_YOUR OBJECTIVE:_ In the entries that follow, find the line containing "Torta alle carote" and the line containing "camisa con aire acondicionado", then copy exactly everything from the first through the second except the pictures.

[Opening RECORD EXCERPTS section]

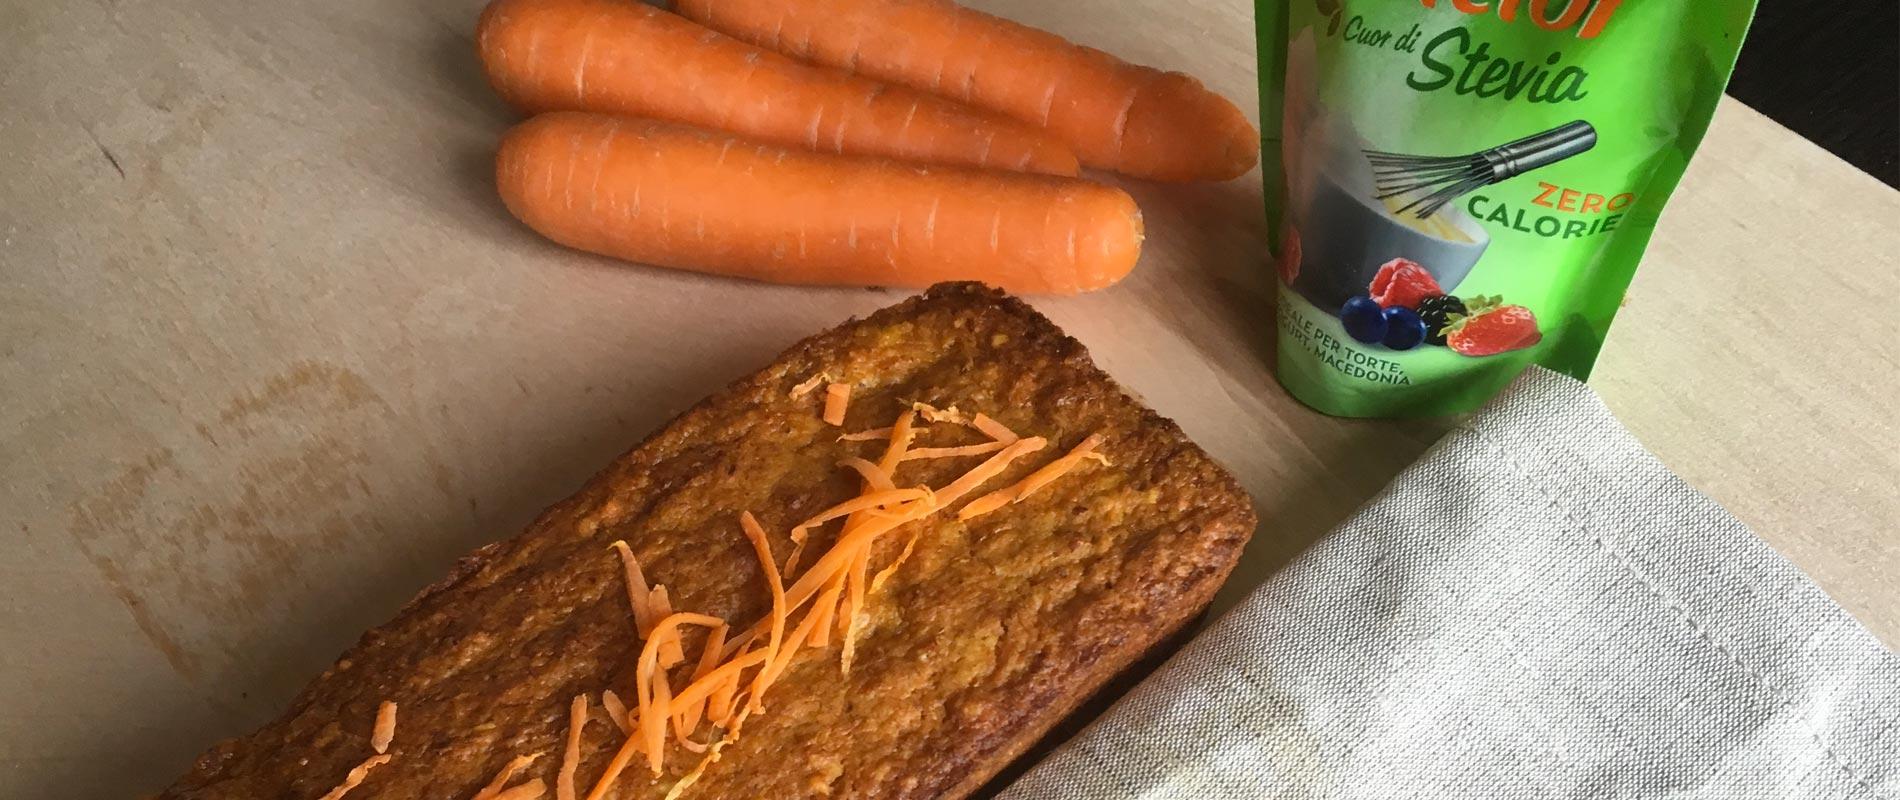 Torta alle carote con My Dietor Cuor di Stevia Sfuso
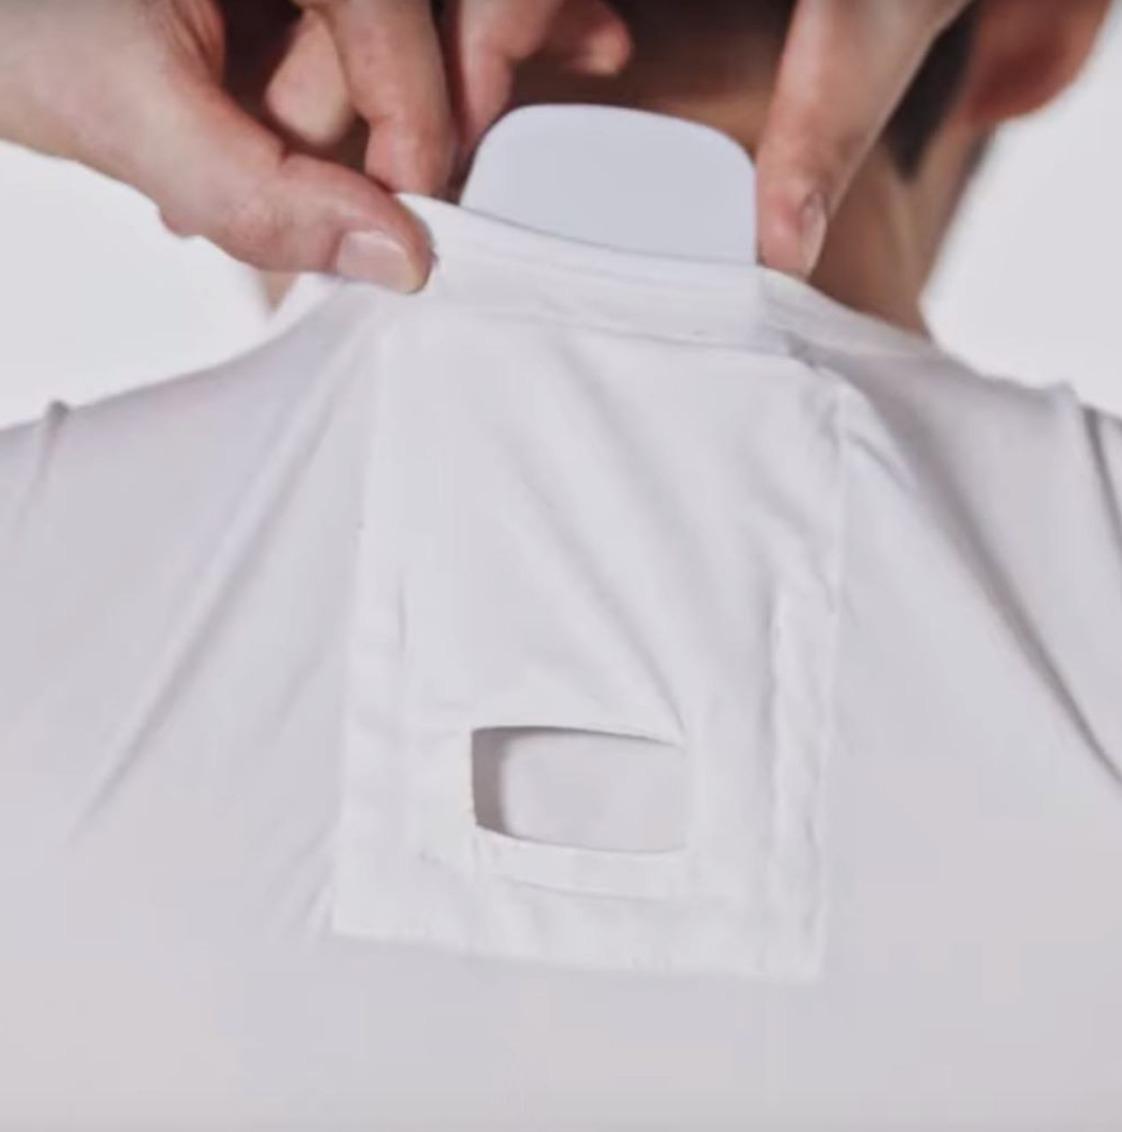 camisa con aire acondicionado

[Closing RECORD EXCERPTS section]
[Opening RECORD EXCERPTS section]

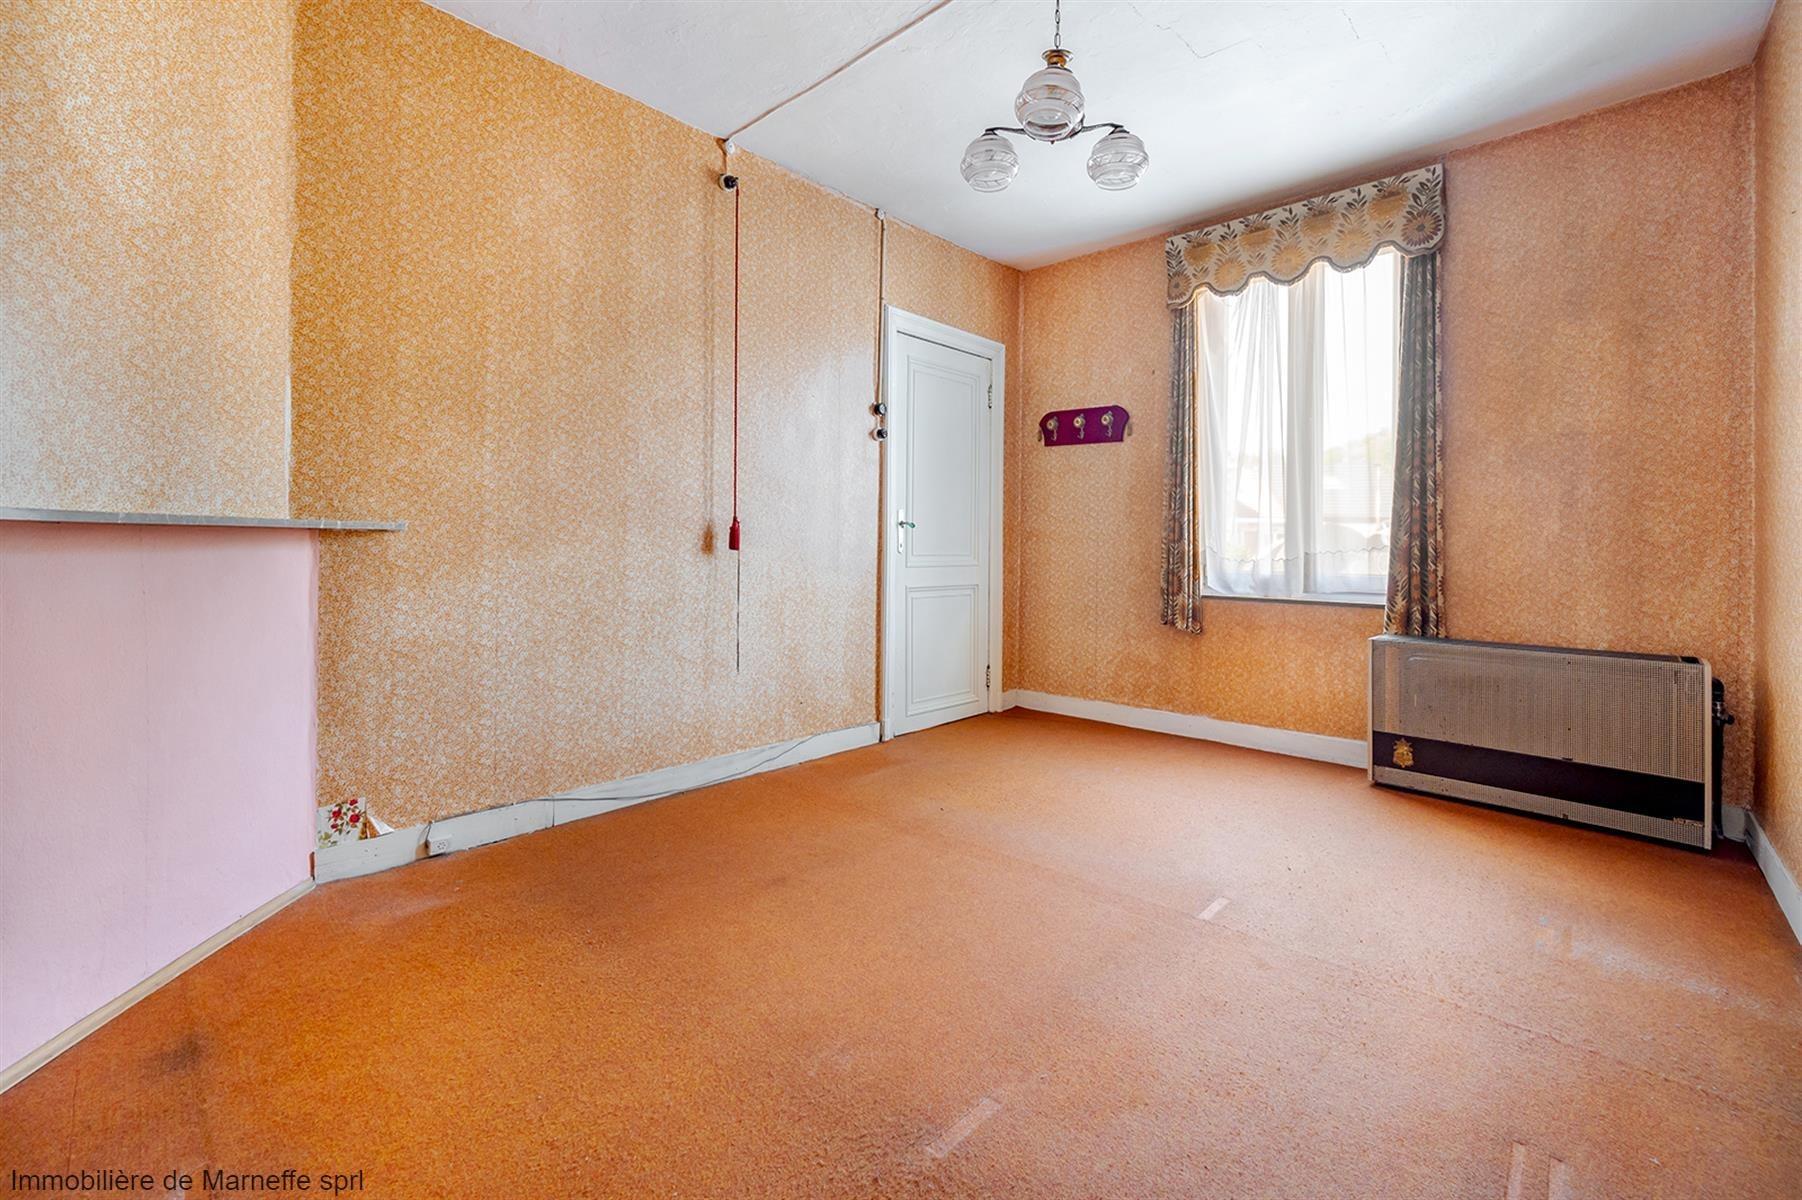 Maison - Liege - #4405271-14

[Closing RECORD EXCERPTS section]

_RESPONSE:_
 Torta alle carote con My Dietor Cuor di Stevia Sfuso
 camisa con aire acondicionado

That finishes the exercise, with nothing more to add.